What to work on ▸ For this exercise, transcribe every line of the material exactly and skip the pictures.

Collected data ▸
# # #
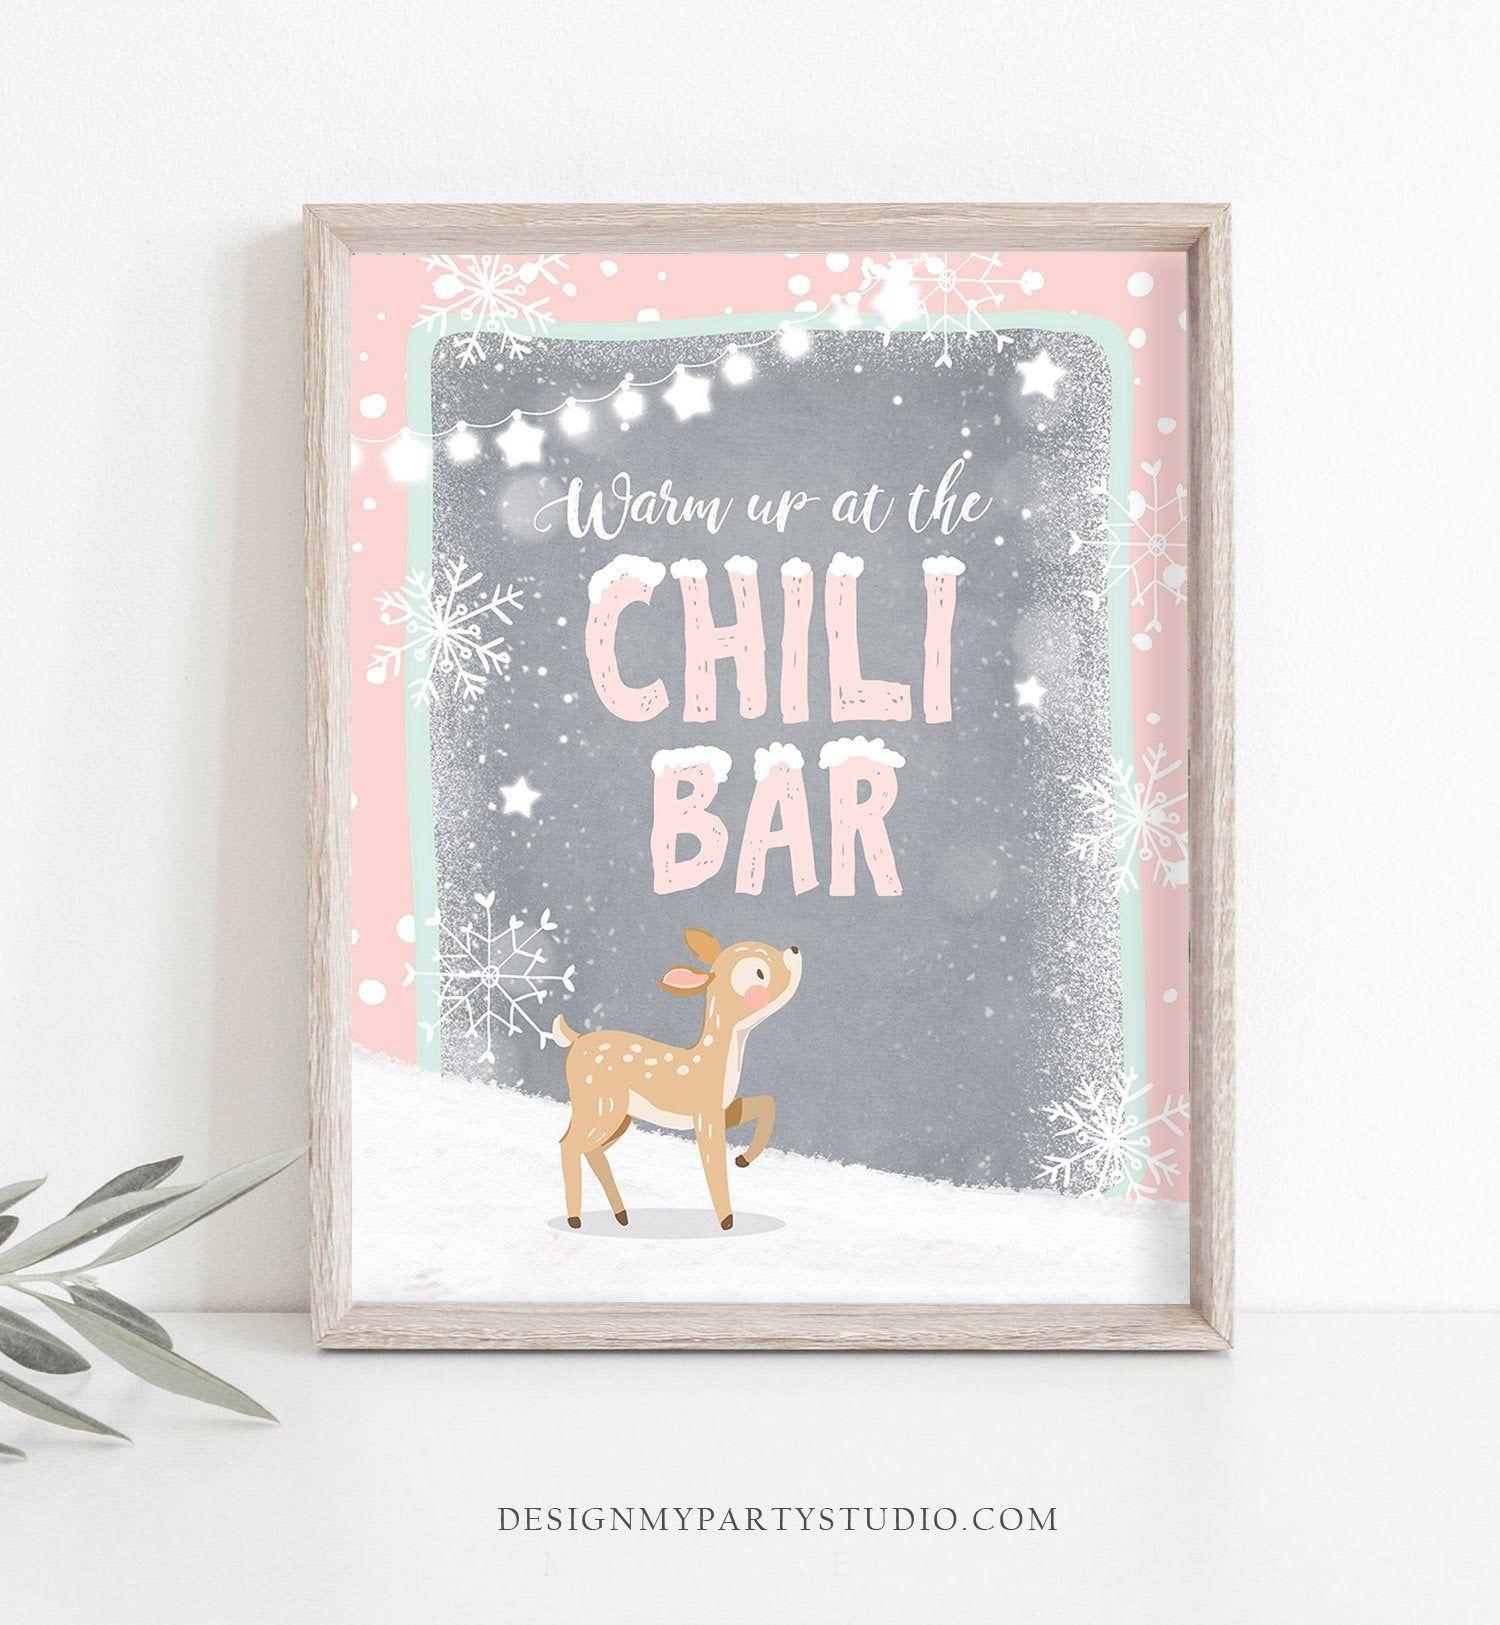 Chili Bar Sign Warm up at the Chili Bar Table Sign Girl Birthday Deer Winter Onederland Decorations Pink Snowflakes Digital PRINTABLE 0109 #chilibar
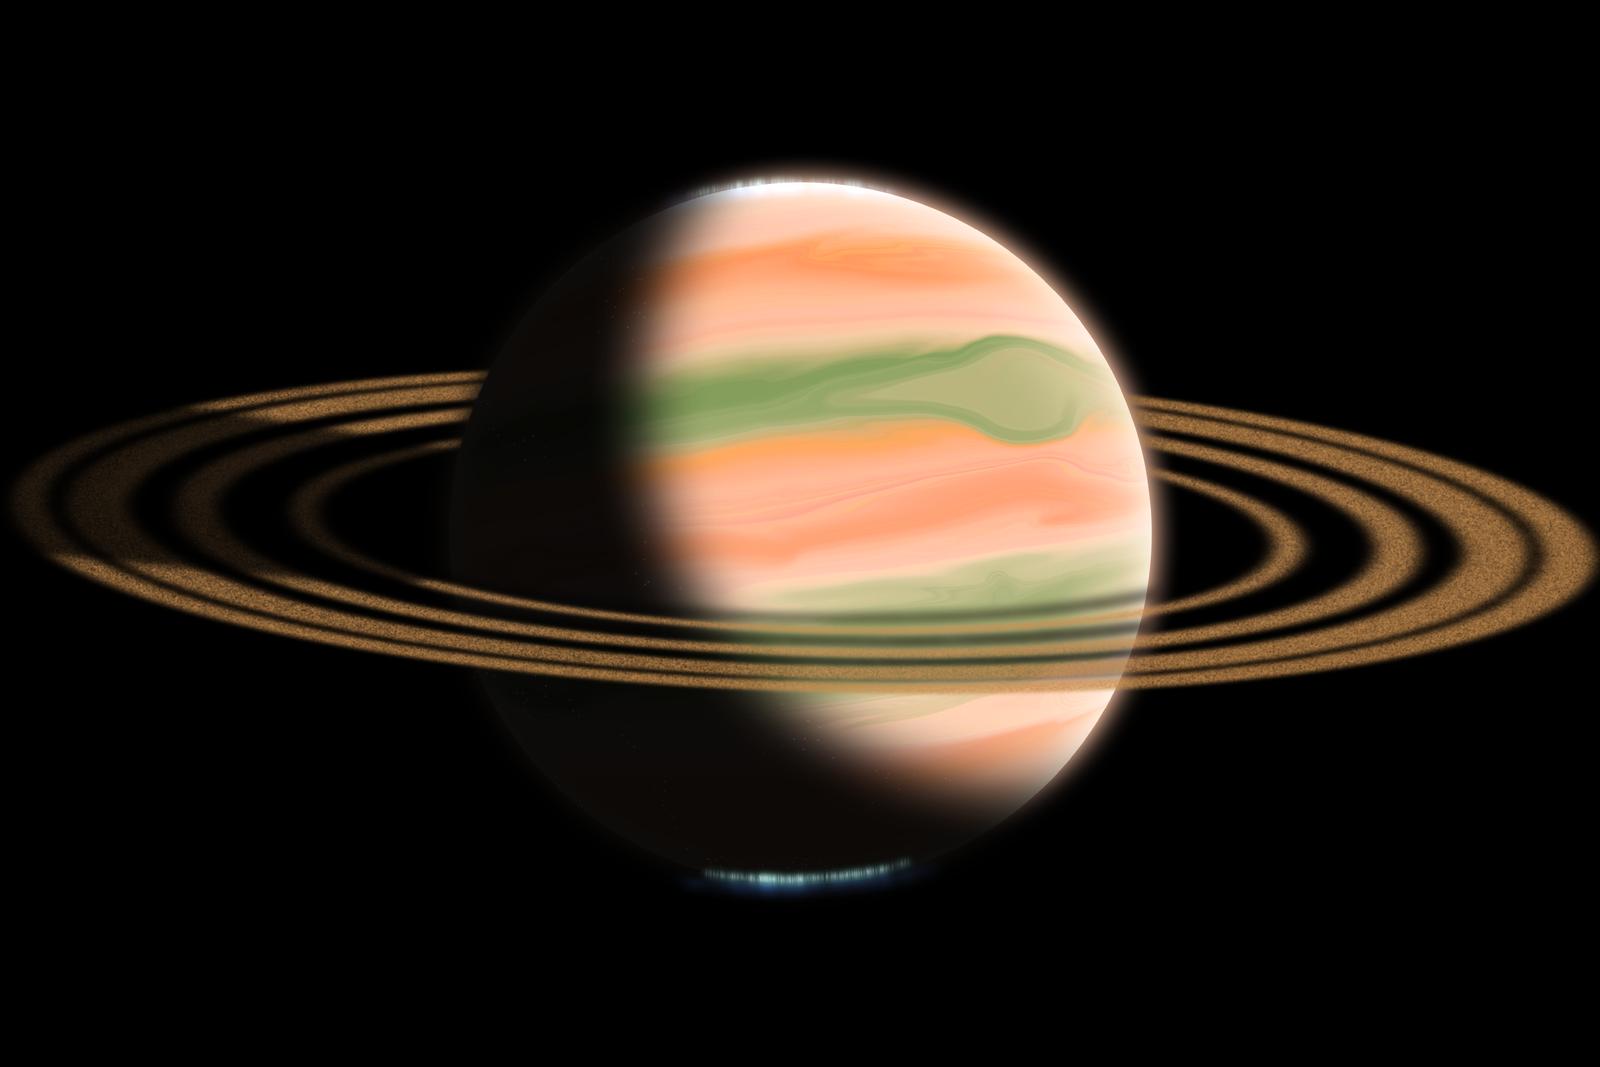 planet_bombora_by_samio85-d5ieelp.png
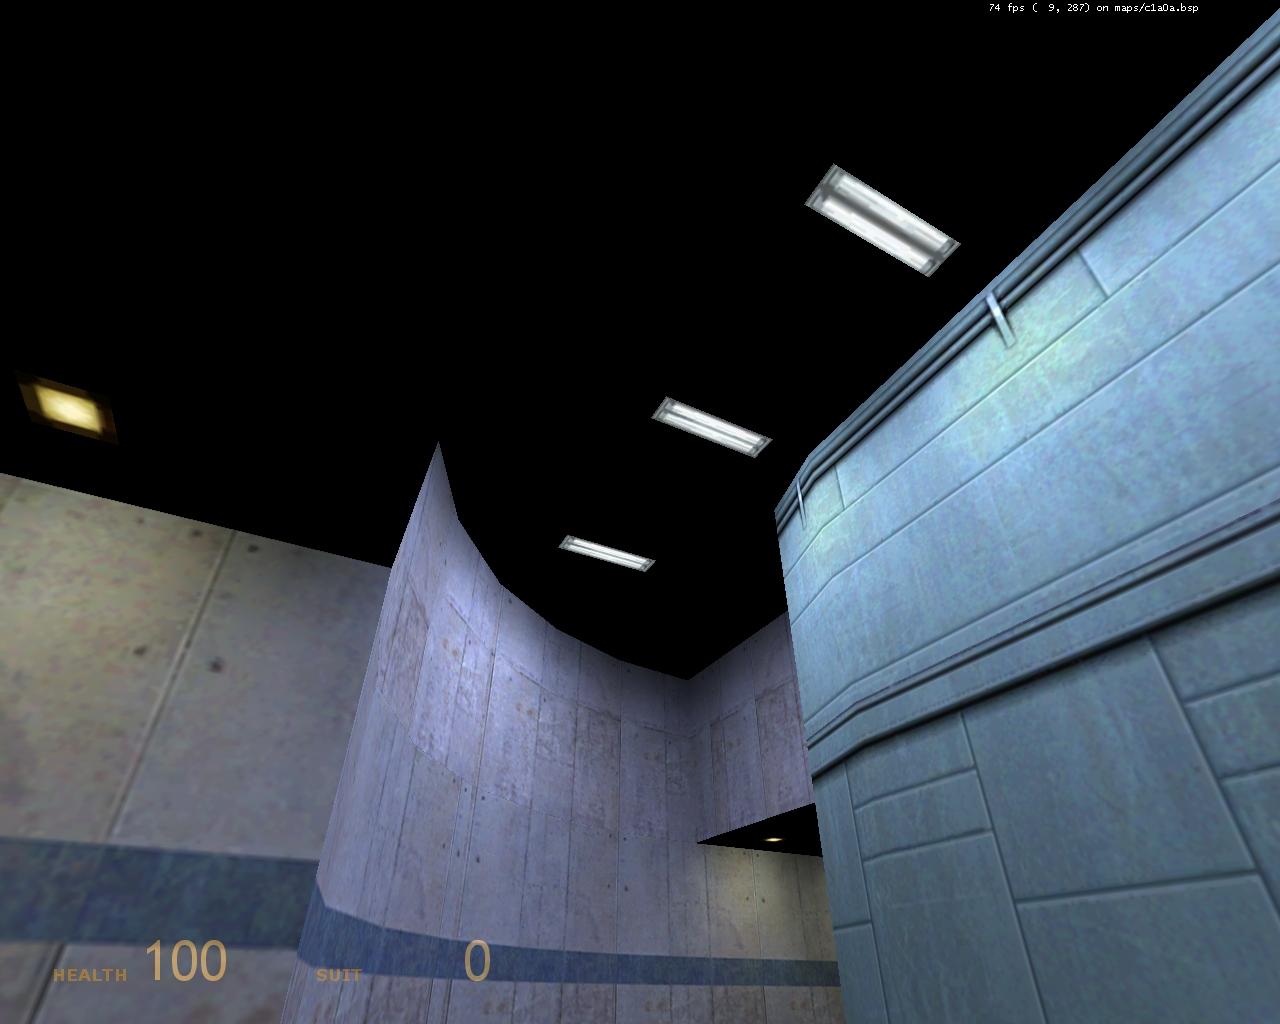 Half-Life Ports - Half-Life: Source Half-Life 2 Beta, Half-Life Ports, Half-Life Source, leak
# # #
Solution to the exercise ▸
 Chili Bar Sign Warm up at the Chili Bar Table Sign Girl Birthday Deer Winter Onederland Decorations Pink Snowflakes Digital PRINTABLE 0109 #chilibar
 planet_bombora_by_samio85-d5ieelp.png
 Half-Life Ports - Half-Life: Source Half-Life 2 Beta, Half-Life Ports, Half-Life Source, leak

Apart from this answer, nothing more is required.